### Task directions:
Print the full listing exactly.

### Exercise materials:
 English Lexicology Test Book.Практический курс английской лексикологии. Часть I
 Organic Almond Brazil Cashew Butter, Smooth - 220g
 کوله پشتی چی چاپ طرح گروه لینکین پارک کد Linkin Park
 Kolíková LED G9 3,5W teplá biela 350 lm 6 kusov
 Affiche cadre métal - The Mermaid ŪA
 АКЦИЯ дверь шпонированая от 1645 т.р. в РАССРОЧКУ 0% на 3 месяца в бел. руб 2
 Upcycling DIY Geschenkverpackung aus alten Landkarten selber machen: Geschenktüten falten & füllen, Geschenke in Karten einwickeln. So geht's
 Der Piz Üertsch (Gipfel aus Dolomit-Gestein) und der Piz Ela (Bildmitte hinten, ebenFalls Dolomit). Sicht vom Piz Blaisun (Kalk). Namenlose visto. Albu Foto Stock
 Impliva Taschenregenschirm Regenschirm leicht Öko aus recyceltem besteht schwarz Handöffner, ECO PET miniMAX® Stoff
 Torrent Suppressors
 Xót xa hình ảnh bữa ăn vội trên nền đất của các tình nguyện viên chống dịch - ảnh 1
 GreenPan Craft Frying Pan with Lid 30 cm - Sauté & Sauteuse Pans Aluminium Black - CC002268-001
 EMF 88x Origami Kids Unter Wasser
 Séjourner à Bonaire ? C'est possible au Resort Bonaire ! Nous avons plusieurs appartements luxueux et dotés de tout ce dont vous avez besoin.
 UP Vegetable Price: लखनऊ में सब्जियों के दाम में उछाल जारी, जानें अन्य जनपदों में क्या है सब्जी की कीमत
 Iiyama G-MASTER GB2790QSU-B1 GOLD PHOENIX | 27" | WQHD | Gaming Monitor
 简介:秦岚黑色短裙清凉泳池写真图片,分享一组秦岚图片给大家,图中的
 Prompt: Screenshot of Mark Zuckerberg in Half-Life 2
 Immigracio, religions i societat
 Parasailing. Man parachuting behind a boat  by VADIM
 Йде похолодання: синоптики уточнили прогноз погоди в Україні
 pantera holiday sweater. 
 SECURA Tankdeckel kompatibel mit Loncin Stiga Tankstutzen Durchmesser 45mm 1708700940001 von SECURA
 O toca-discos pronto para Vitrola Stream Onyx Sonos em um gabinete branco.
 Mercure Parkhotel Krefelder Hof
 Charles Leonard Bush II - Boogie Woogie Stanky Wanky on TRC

### Worked solution:
 English Lexicology Test Book.Практический курс английской лексикологии. Часть I
 Organic Almond Brazil Cashew Butter, Smooth - 220g
 کوله پشتی چی چاپ طرح گروه لینکین پارک کد Linkin Park
 Kolíková LED G9 3,5W teplá biela 350 lm 6 kusov
 Affiche cadre métal - The Mermaid ŪA
 АКЦИЯ дверь шпонированая от 1645 т.р. в РАССРОЧКУ 0% на 3 месяца в бел. руб 2
 Upcycling DIY Geschenkverpackung aus alten Landkarten selber machen: Geschenktüten falten & füllen, Geschenke in Karten einwickeln. So geht's
 Der Piz Üertsch (Gipfel aus Dolomit-Gestein) und der Piz Ela (Bildmitte hinten, ebenFalls Dolomit). Sicht vom Piz Blaisun (Kalk). Namenlose visto. Albu Foto Stock
 Impliva Taschenregenschirm Regenschirm leicht Öko aus recyceltem besteht schwarz Handöffner, ECO PET miniMAX® Stoff
 Torrent Suppressors
 Xót xa hình ảnh bữa ăn vội trên nền đất của các tình nguyện viên chống dịch - ảnh 1
 GreenPan Craft Frying Pan with Lid 30 cm - Sauté & Sauteuse Pans Aluminium Black - CC002268-001
 EMF 88x Origami Kids Unter Wasser
 Séjourner à Bonaire ? C'est possible au Resort Bonaire ! Nous avons plusieurs appartements luxueux et dotés de tout ce dont vous avez besoin.
 UP Vegetable Price: लखनऊ में सब्जियों के दाम में उछाल जारी, जानें अन्य जनपदों में क्या है सब्जी की कीमत
 Iiyama G-MASTER GB2790QSU-B1 GOLD PHOENIX | 27" | WQHD | Gaming Monitor
 简介:秦岚黑色短裙清凉泳池写真图片,分享一组秦岚图片给大家,图中的
 Prompt: Screenshot of Mark Zuckerberg in Half-Life 2
 Immigracio, religions i societat
 Parasailing. Man parachuting behind a boat  by VADIM
 Йде похолодання: синоптики уточнили прогноз погоди в Україні
 pantera holiday sweater. 
 SECURA Tankdeckel kompatibel mit Loncin Stiga Tankstutzen Durchmesser 45mm 1708700940001 von SECURA
 O toca-discos pronto para Vitrola Stream Onyx Sonos em um gabinete branco.
 Mercure Parkhotel Krefelder Hof
 Charles Leonard Bush II - Boogie Woogie Stanky Wanky on TRC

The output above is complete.